▶ _EXERCISE BRIEF_:
Nothing outside the lines below from the one containing "Yousef Zamani - Abroo kamoon" through the one containing "amadurecimento e empoderamento" is to be printed; print those exactly, ends included, and drop the pictures.

▶ _DATASET CONTENT_:

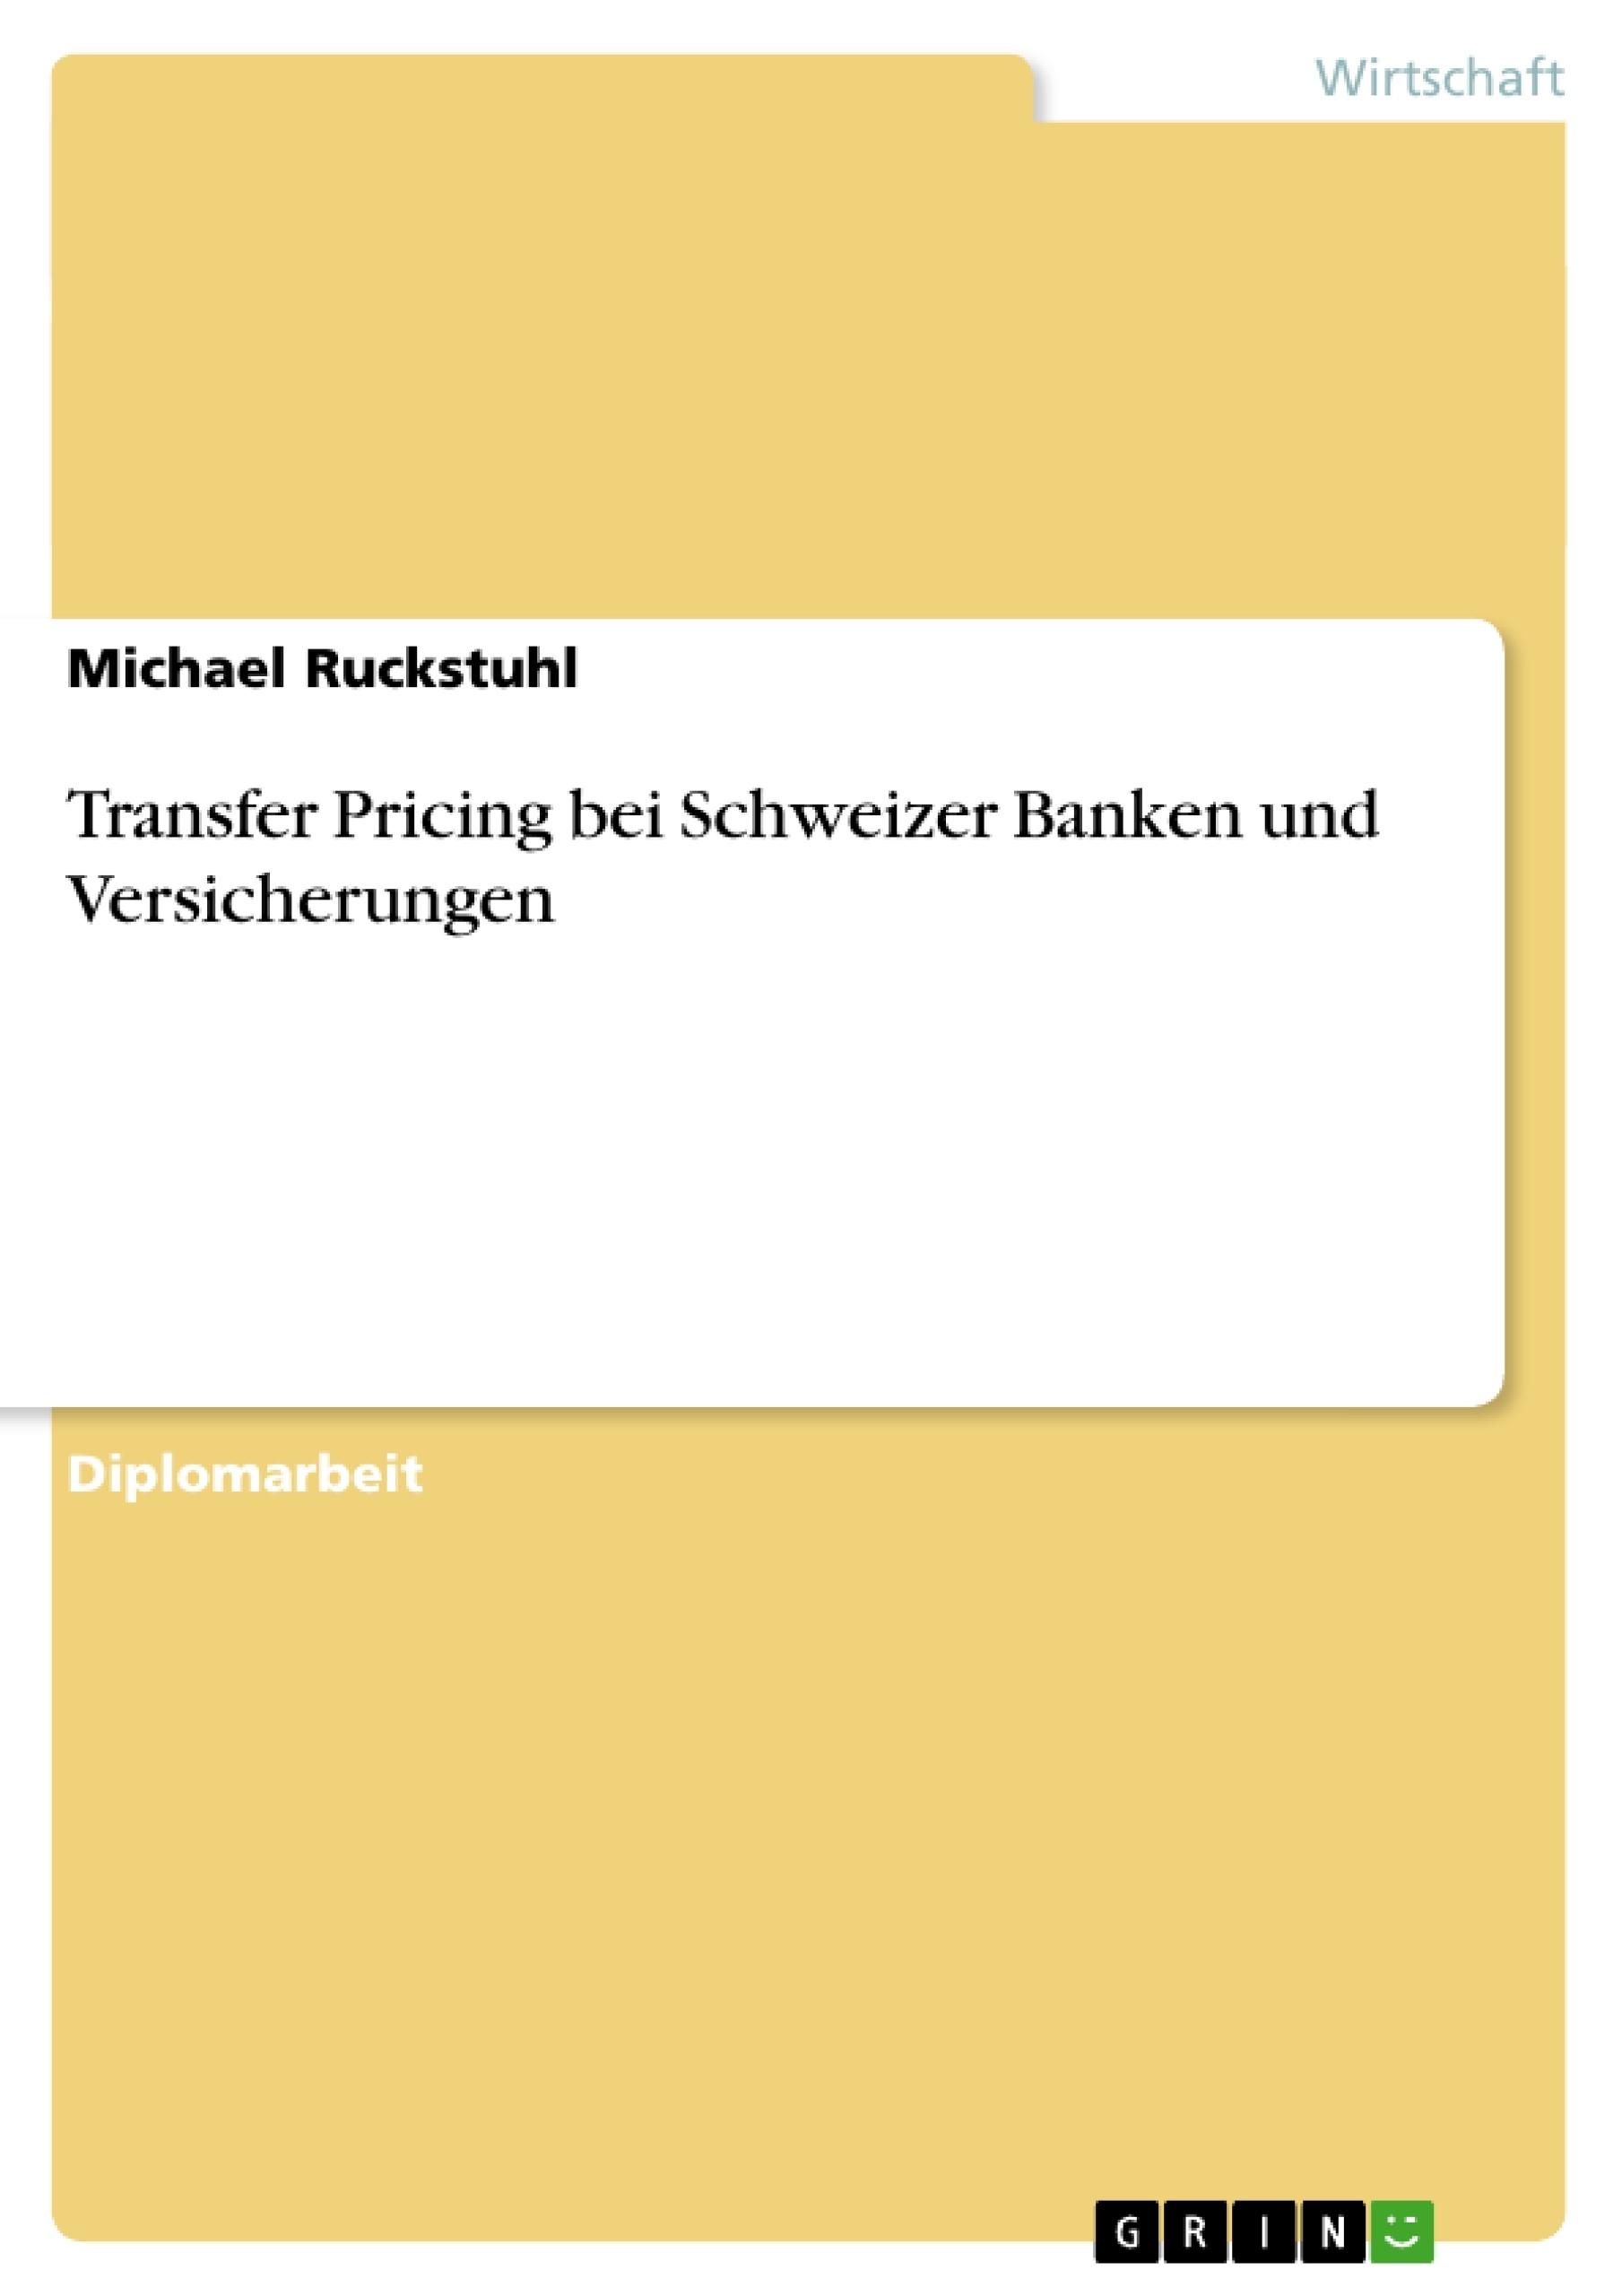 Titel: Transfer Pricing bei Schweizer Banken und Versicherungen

---

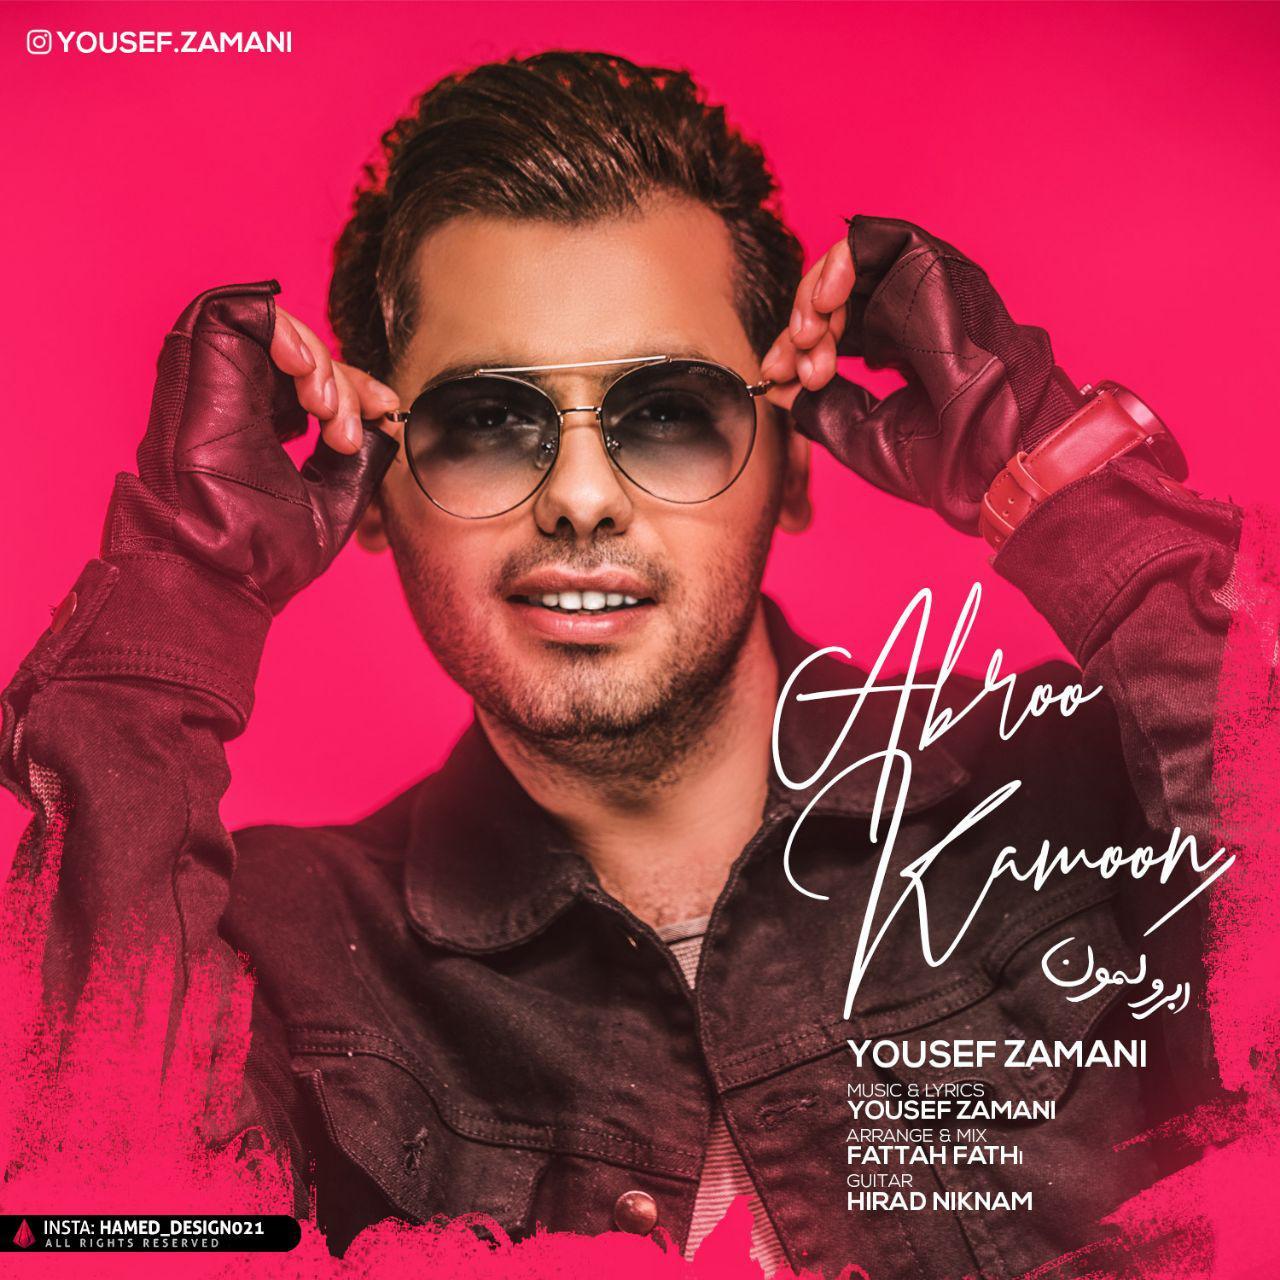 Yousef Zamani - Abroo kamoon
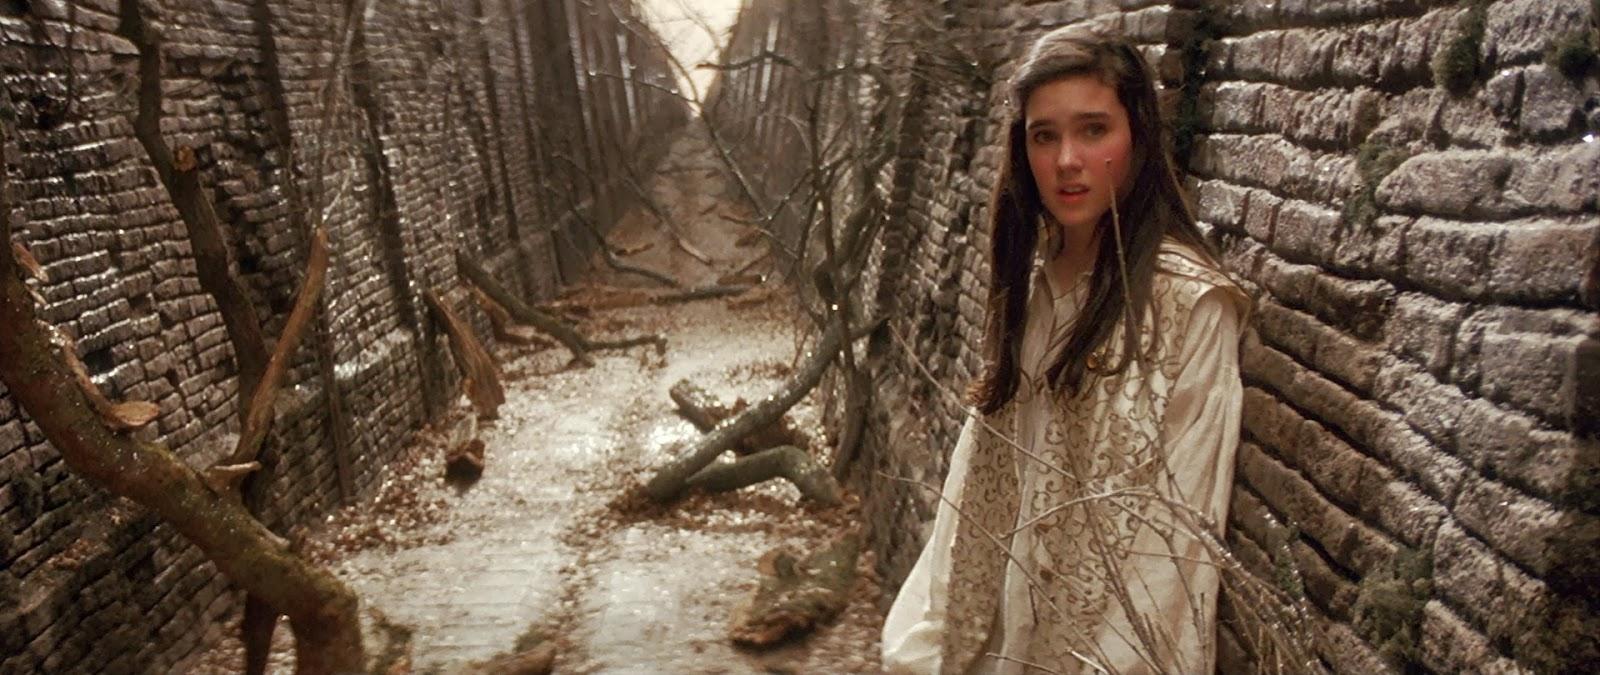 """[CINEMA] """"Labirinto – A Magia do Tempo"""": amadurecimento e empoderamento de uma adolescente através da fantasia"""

---

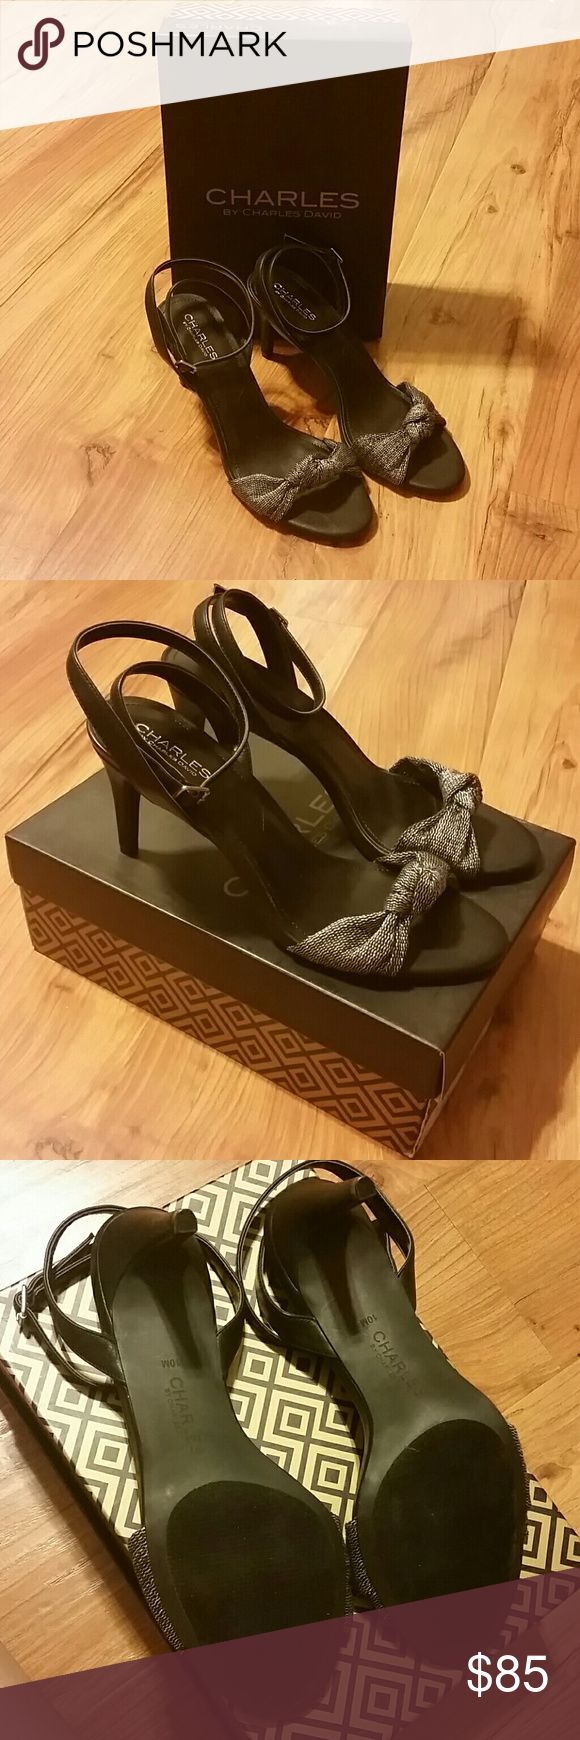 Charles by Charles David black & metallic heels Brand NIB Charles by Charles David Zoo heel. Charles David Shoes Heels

▶ _PROBLEM SOLUTION_:
 Yousef Zamani - Abroo kamoon
 """[CINEMA] """"Labirinto – A Magia do Tempo"""": amadurecimento e empoderamento de uma adolescente através da fantasia"""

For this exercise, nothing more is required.